The DPAA (Data Path Acceleration Architecture) subsystem consists of the
following components:

* BMan -- Buffer Manager.  Manages buffer pools of different sizes (one
  size per pool, up to 64 pools)
* QMan -- Queue Manager.  Manages the interfaces between DPAA-based
  components and the CPU(s).
* FMan -- Frame Manager.  Responsible for all ethernet-related
  processing.  Consists itself of the following components:
  * Ports -- interfaces to the QMan.  An ethernet interface consists of
    2 ports.
    Ports use "Next-invoked action" (NIA) descriptors to form a pipeline
    for processing on receive and transmit.

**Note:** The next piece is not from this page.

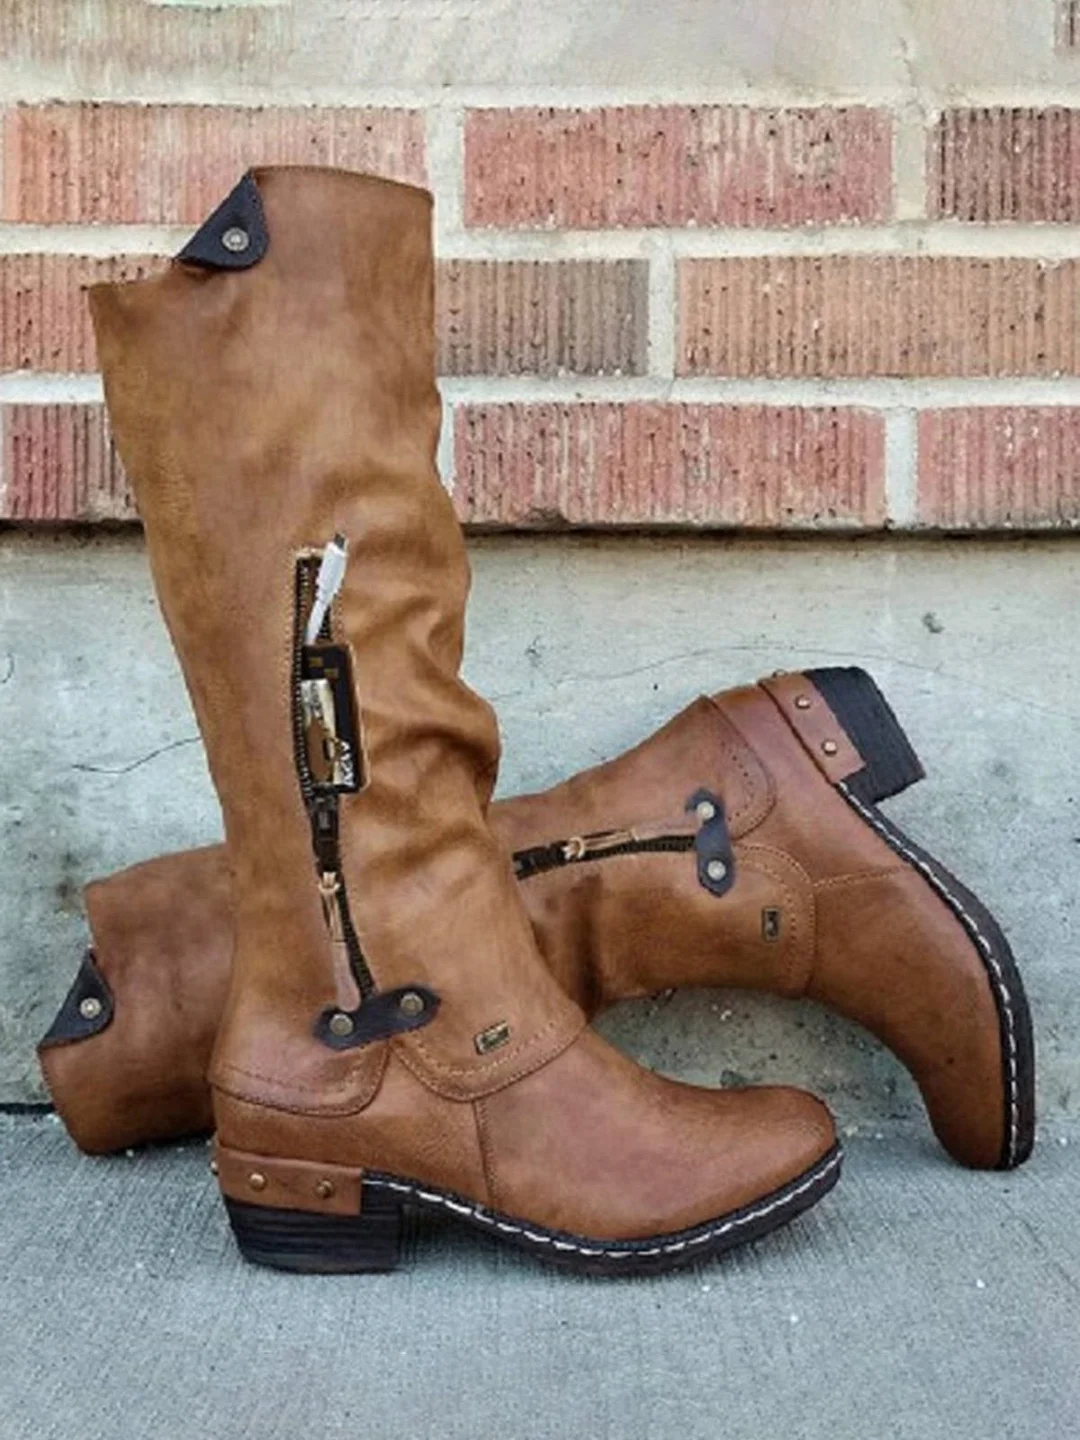 Vintage Casual Pleated Zip Riding Boots | IFYHOME

  * Parser -- performs protocol header parsing and validation.  Both
    hardware and software parsers are available.
  * KeyGen -- Key generator, used to start the classification process
    (for the Policer), generating FQIDs and other keys based on the
    frame input.
  * Policer -- performs traffic shaping and classification
* MAC -- SoC specific ethernet MAC (dTSEC, TGEC, mEMAC).  Currently
  supports dTSEC and mEMAC, along with their MDIO blocks.

Additional components not yet handled:
SEC -- Security engine (crypto)
RE -- RAID engine
RapidIO
DCE -- Decompression/Compression engine, supports ZLIB, DEFLATE, and
GZIP, as well as base64 encoding and decoding.

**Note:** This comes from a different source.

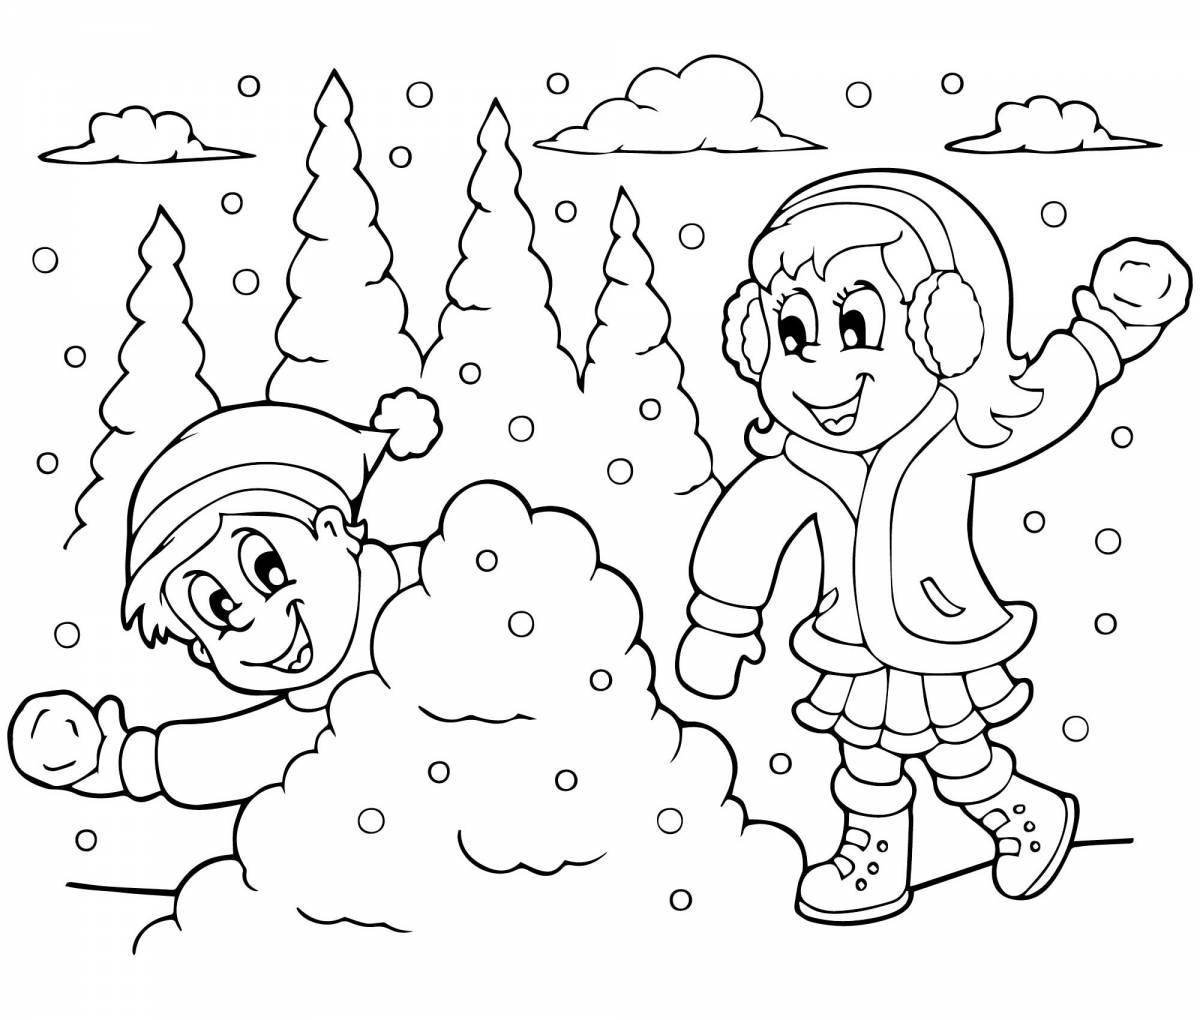 Amazing coloring book for children 6 years old winter

BMan and QMan are accessed via cache-coherent portals, using ring
buffers as I/O.  The intent is for portals to be per-CPU (core/thread)
to reduce locking contention and improve performance.  This driver pins
interrupt handlers to the CPU "owning" a given portal, and uses critical
sections to prevent switching while accessing the portal.